I do not believe that you can expect a higher yield with hydro.  I don't quite understand what you are saying in the last paragraph--are you saying that you expect 5 harvests a year?


----------



## akhockey (Sep 9, 2011)

I know Ill catch hell here for saying this, but i dont change out my nute solution very often at all. I just keep topping the rez off with tap water and keeping an eye on ppm and pH. When the ppm drop I add a little more nutes. I think I changed my 40 gallon rez twice my last run of 3 weeks vegging clones and 9-10 weeks flowering. i noticed absolutely NO difference in growth/ yield/ anything than when I changed it out every 2 weeks. I run GH nutes just micro and bloom.


----------



## Lemon Jack (Sep 9, 2011)

I know that I have used alot more already than I did my last grow all together(in dirt)  and I'm still in the veg state. Running a drip system there planning to flower in DWC.


----------



## KaptainKush (Sep 10, 2011)

I have grown both ways and I prefer Hydro just because the roots can get bigger than they can i dirt IMO also i use 5 gallon buckets and they work wonders easy to move around for maintenance


----------



## pcduck (Sep 10, 2011)

For what I am saving by not having to buy it, I do not worry about the cost of using a bit more nutes.
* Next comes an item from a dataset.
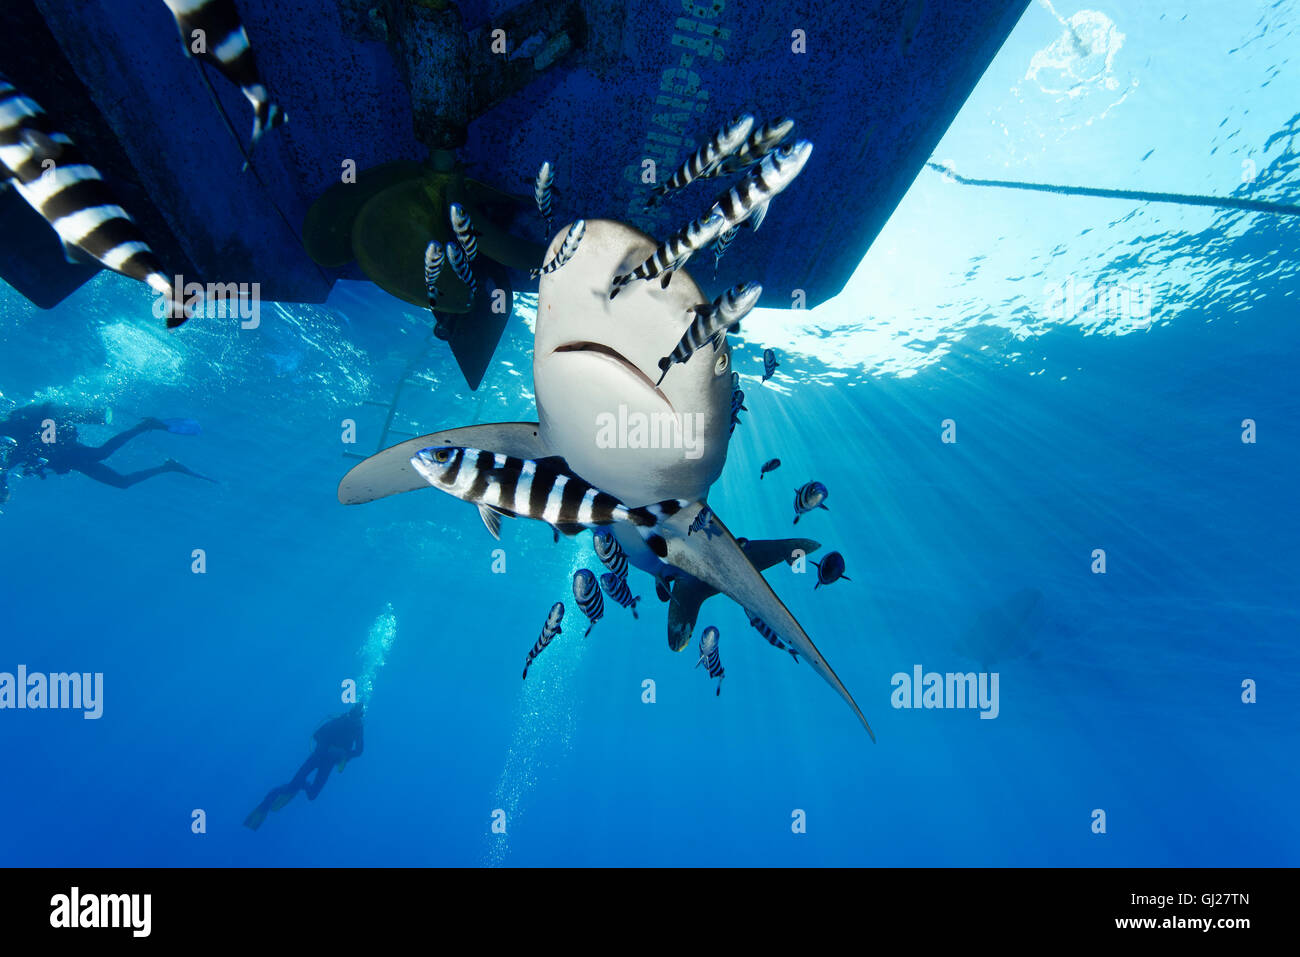 Oceanic whitetip shark with pilotfish and scuba diver, Daedalus Reef, Red Sea, Egypt Stock Photo

Just my $0.02 :bolt::bong:


----------



## The Hemp Goddess (Sep 10, 2011)

I'm kind of with pcduck on this.  Even if nutes run you a bit, it is still way cheaper than buying bud.

However, I just purchased GH Flora 3 part in gallon containers for $82 shipped--can't complain about that--it will last me for awhile.


----------



## Lemon Jack (Sep 10, 2011)

Wow thats an awesome deal THG where did you find that?


----------



## The Hemp Goddess (Sep 10, 2011)

E-Bay--one of my favorite places to shop.

hXXp://www.ebay.com/itm/380324488355?ssPageName=STRK:MEWAX:IT&_trksid=p3984.m1438.l2649


----------